Since December, the U.K. lost a final appeal and was forced to take the group
off its terrorist list. It also withdrew its sponsorship of the EU listing.
France took the U.K.'s place in July, claiming new evidence, allowing the EU to
keep the group on the list with a fresh decision. The PMOI has filed a new case
in the Court of First Instance, which is still pending, to challenge that July
decision.
Freeze of Iran group's funds rejected
The New York Times (24 October) - A prominent Iranian opposition group won an
appeal on Thursday against a European Union decision to freeze its funds. The
move could increase pressure on the European Union to relax its ban on the
group, the People's Mujahedeen, which is on a European terrorist list.
The European Court of First Instance in Luxembourg said that the People's
Mujahedeen had renounced violence earlier this decade. The group said it would
concentrate instead on peaceful opposition to the government in Tehran.

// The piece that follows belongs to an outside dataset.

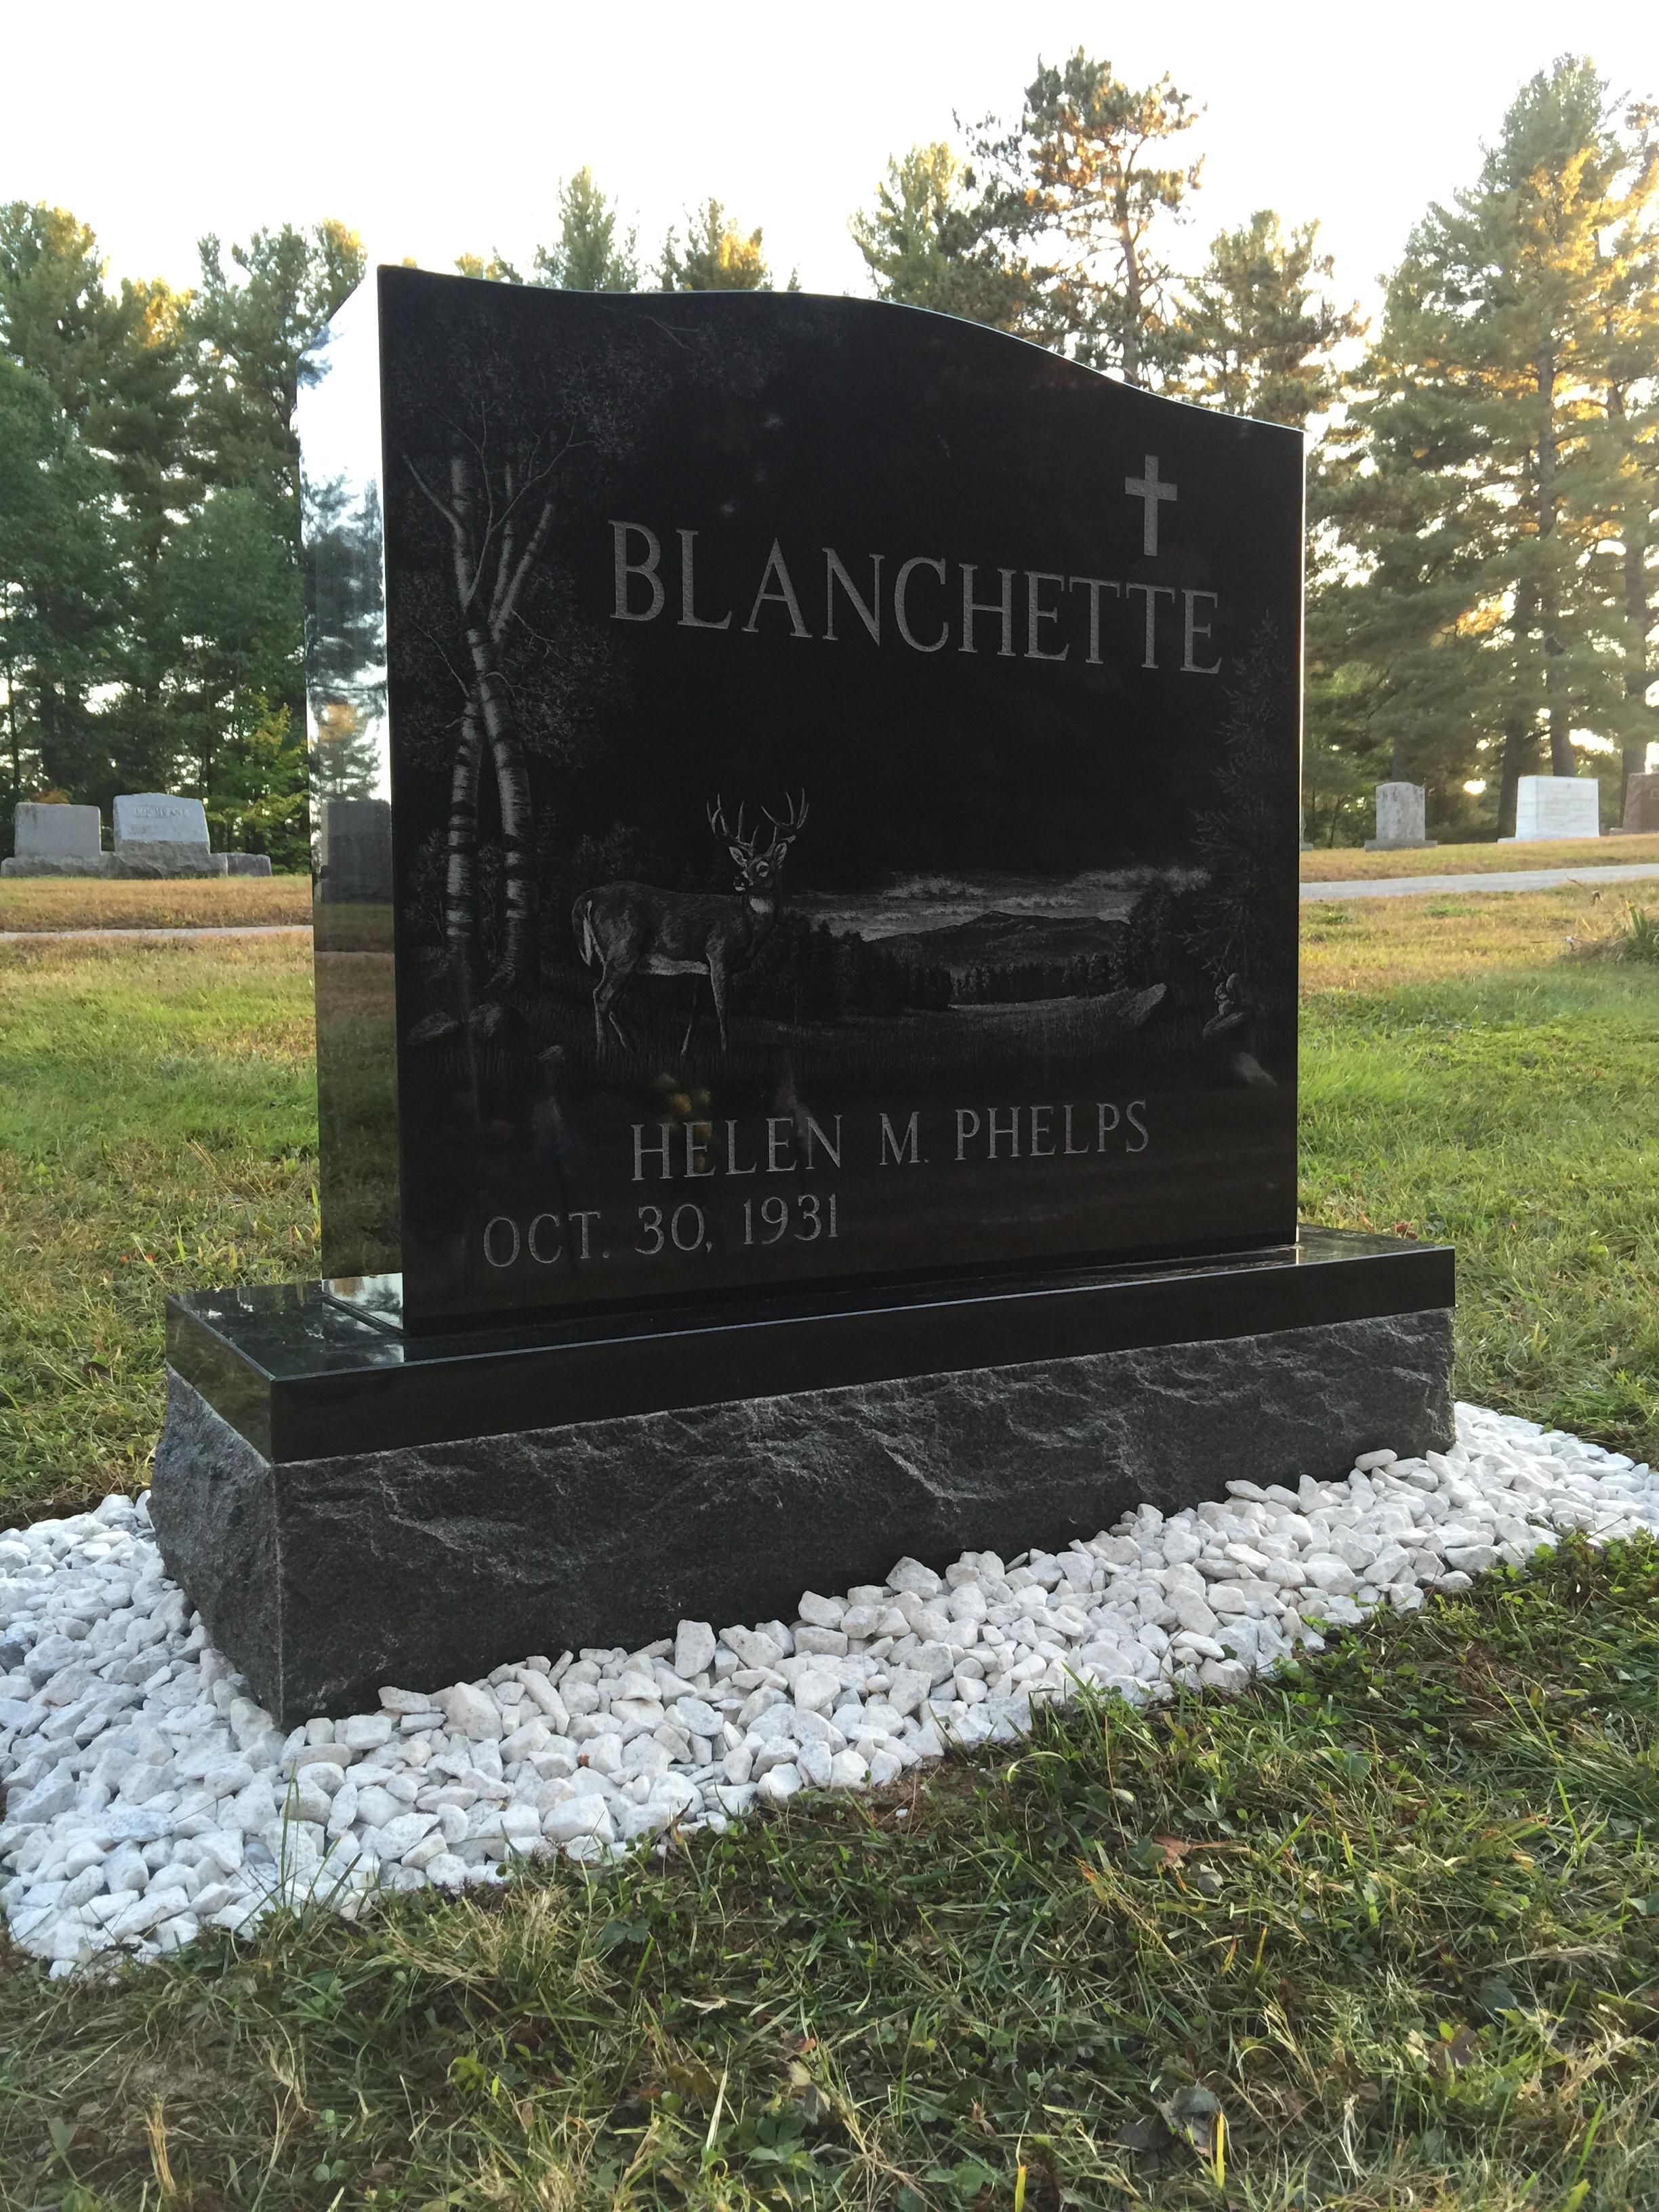 BLANCHETTE-PHELPSfinished 1.JPG

The decision by the court follows a ruling in May by the Court of Appeal in
Britain that the British government was wrong to include the group on its list
of banned terrorist groups.
The Court of First Instance, the European Union's second-highest tribunal,
said Thursday that the evidence presented was "manifestly insufficient to
provide legal justification for continuing to freeze" the group's funds.
Maryam Rajavi, the president-elect of the National Council of Resistance of
Iran, the group's political wing, said in a statement that the ruling "puts an
end to the unjust label of terrorism."
The group is regarded as potentially the most important force in the Iranian
resistance. Legalization could allow the group to raise money and organize
resistance to Iran's ruling ayatollahs.
According to the European Union court, the Iranian group was founded in 1965
with the goal of replacing the government of the shah of Iran. But after the
1979 Islamic Revolution, which brought clerics to power, the ayatollahs and the
group turned against each other.
Court order over EU terror list
The Press Association (23 October) - Europe's governments were ordered by a
court to follow the UK's lead and take Iran's main opposition group off a
blacklist of suspected terror organisations.

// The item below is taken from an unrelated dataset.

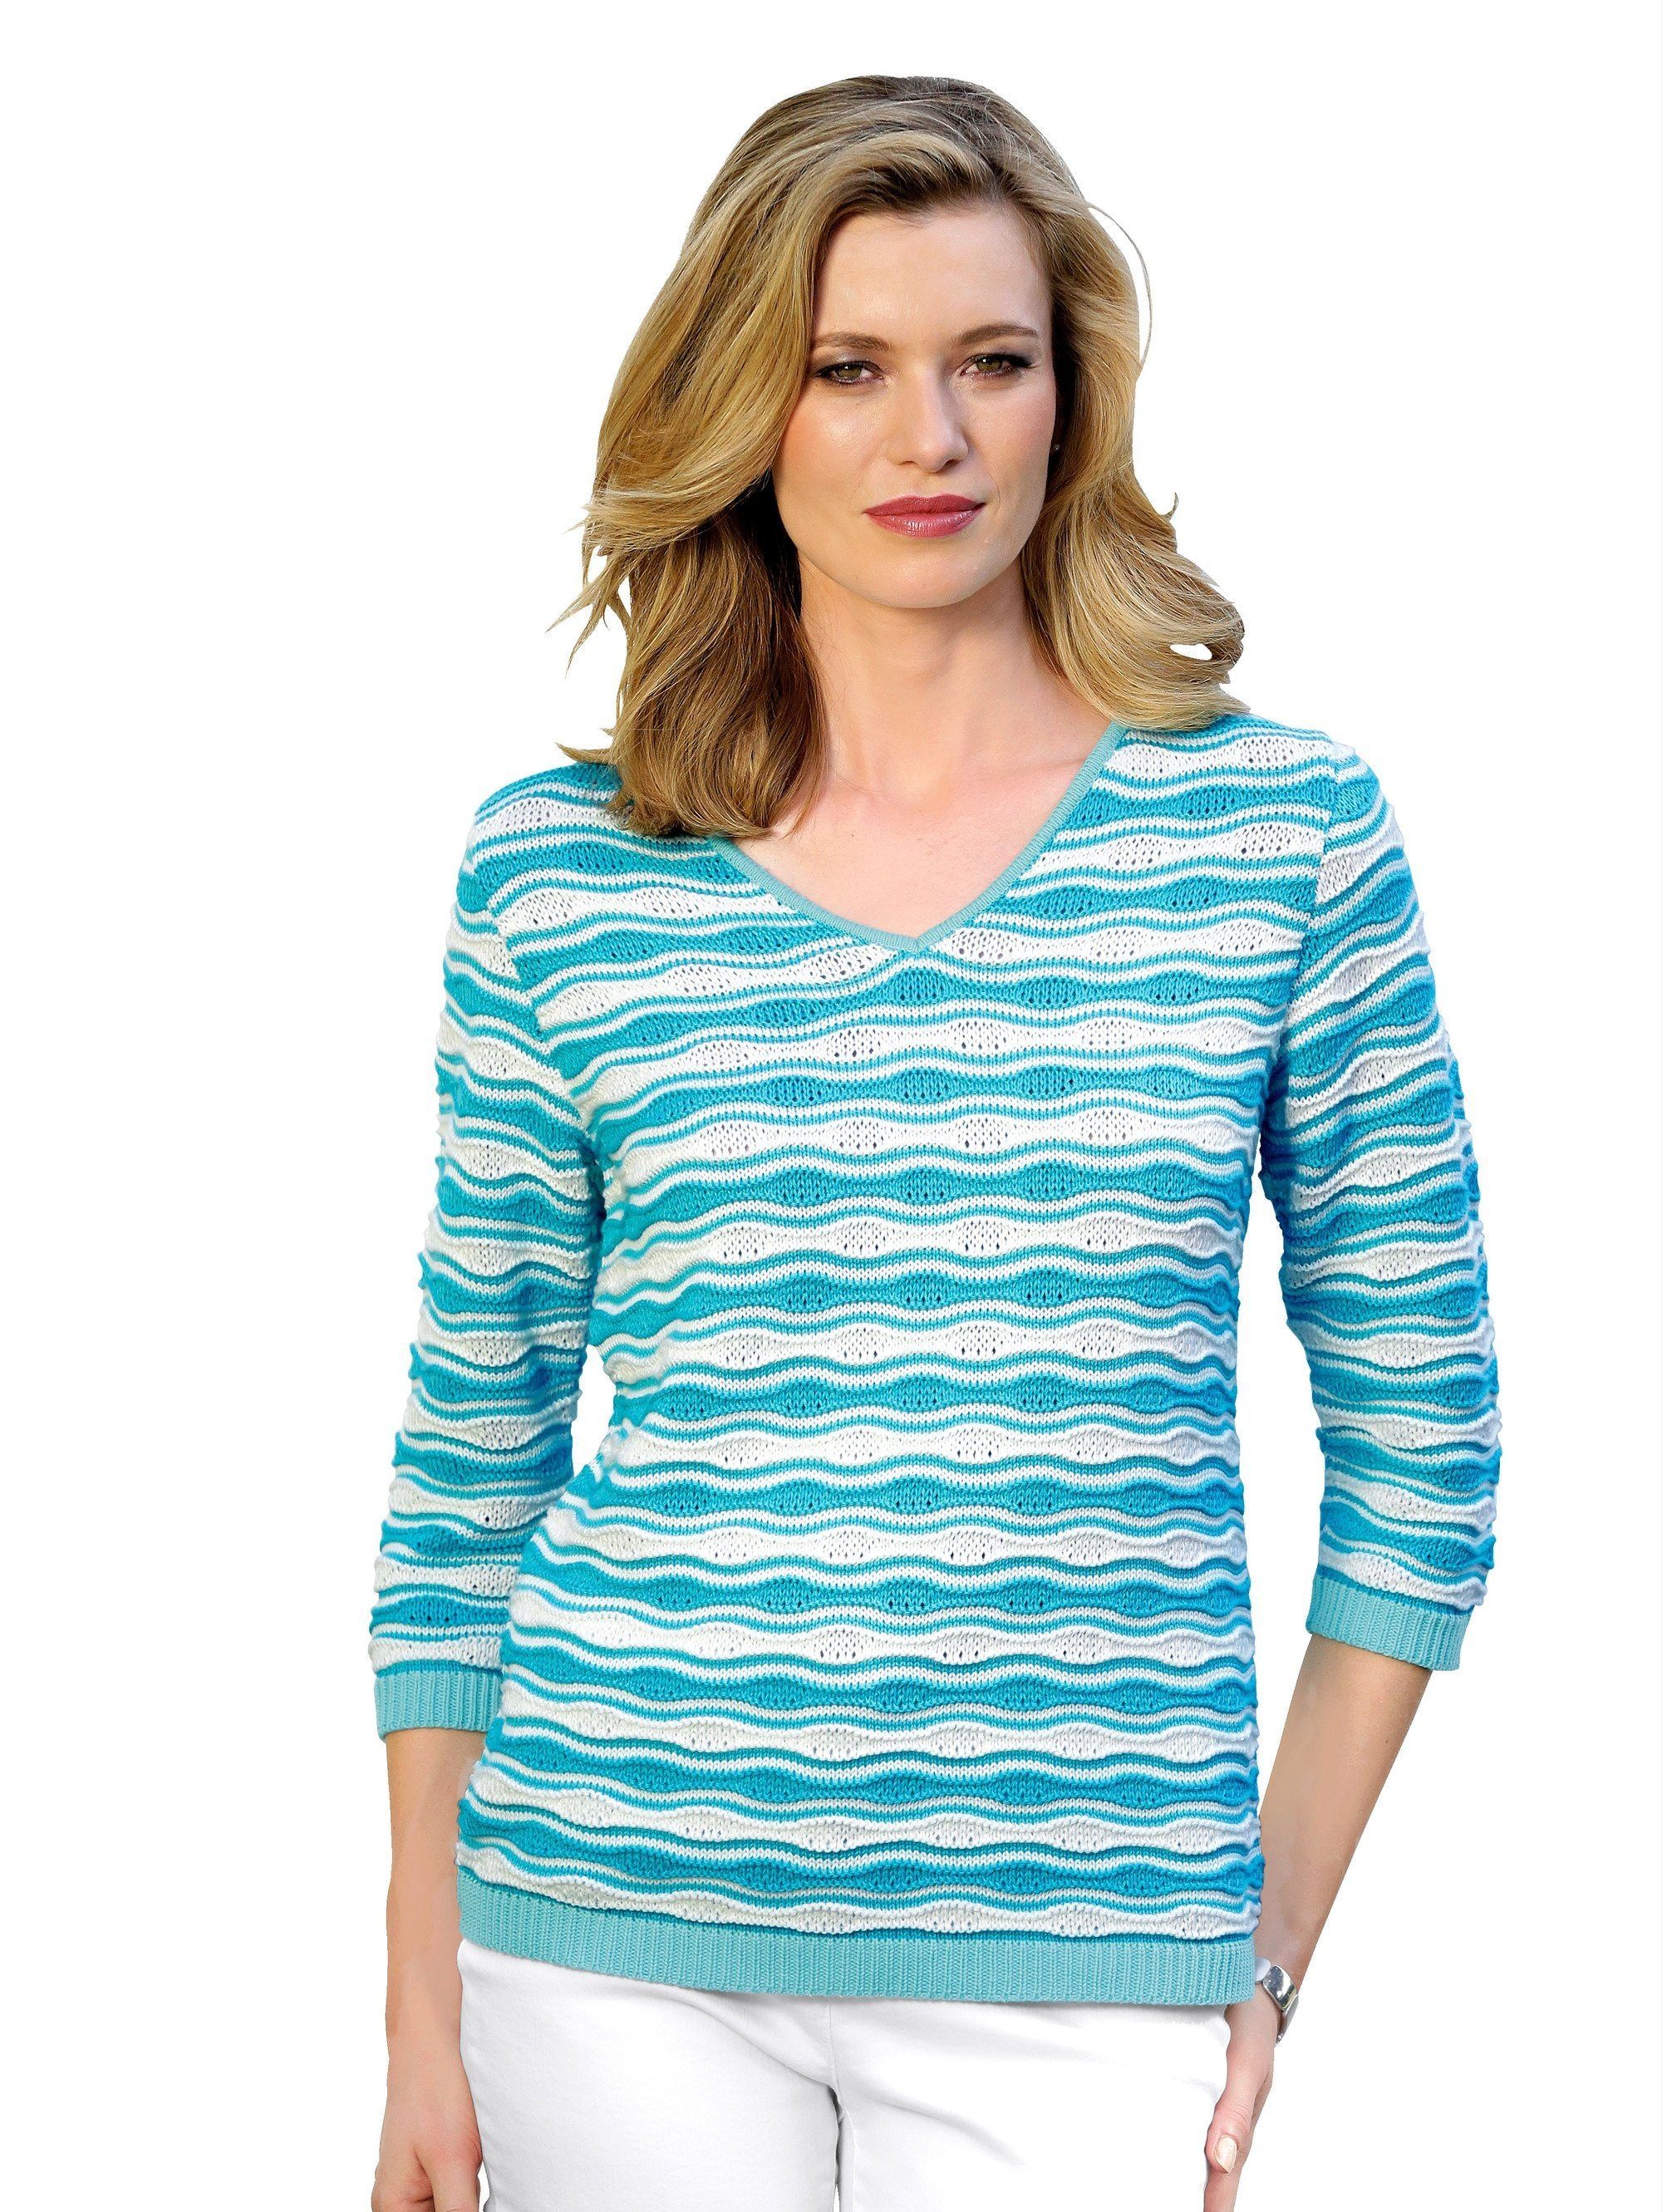 Mona Pullover in Struktur Strick online shoppen | BAUR

The European Court of First Instance in Luxembourg upheld a legal claim by
the exiled People's Mojahedin Organisation of Iran (PMOI) that there is no
justification for including the group and freezing its funds.
The ruling is the latest in a series of verdicts supporting the PMOI's
demands to be removed from the list - but the battle is not over.
The case was an appeal against a decision by the EU's Council of Ministers
last December to keep the PMOI on its terror list.
That decision came just weeks after the UK's own independent judicial
authority, the Proscribed Organisations Appeal Commission (POAC) ordered the
PMOI's removal from the UK list. But the PMOI stayed on the UK list until June
this year - and still remains on the EU list after a review in July.
The European judges said last December's EU decision should be annulled
because there was no justification for including the PMOI. There was no
evidence, added the judges, that the EU ministers had fulfilled their
requirement to take account of the POAC ruling on the PMOI case, which had been
the first by a "competent judicial authority" in the UK.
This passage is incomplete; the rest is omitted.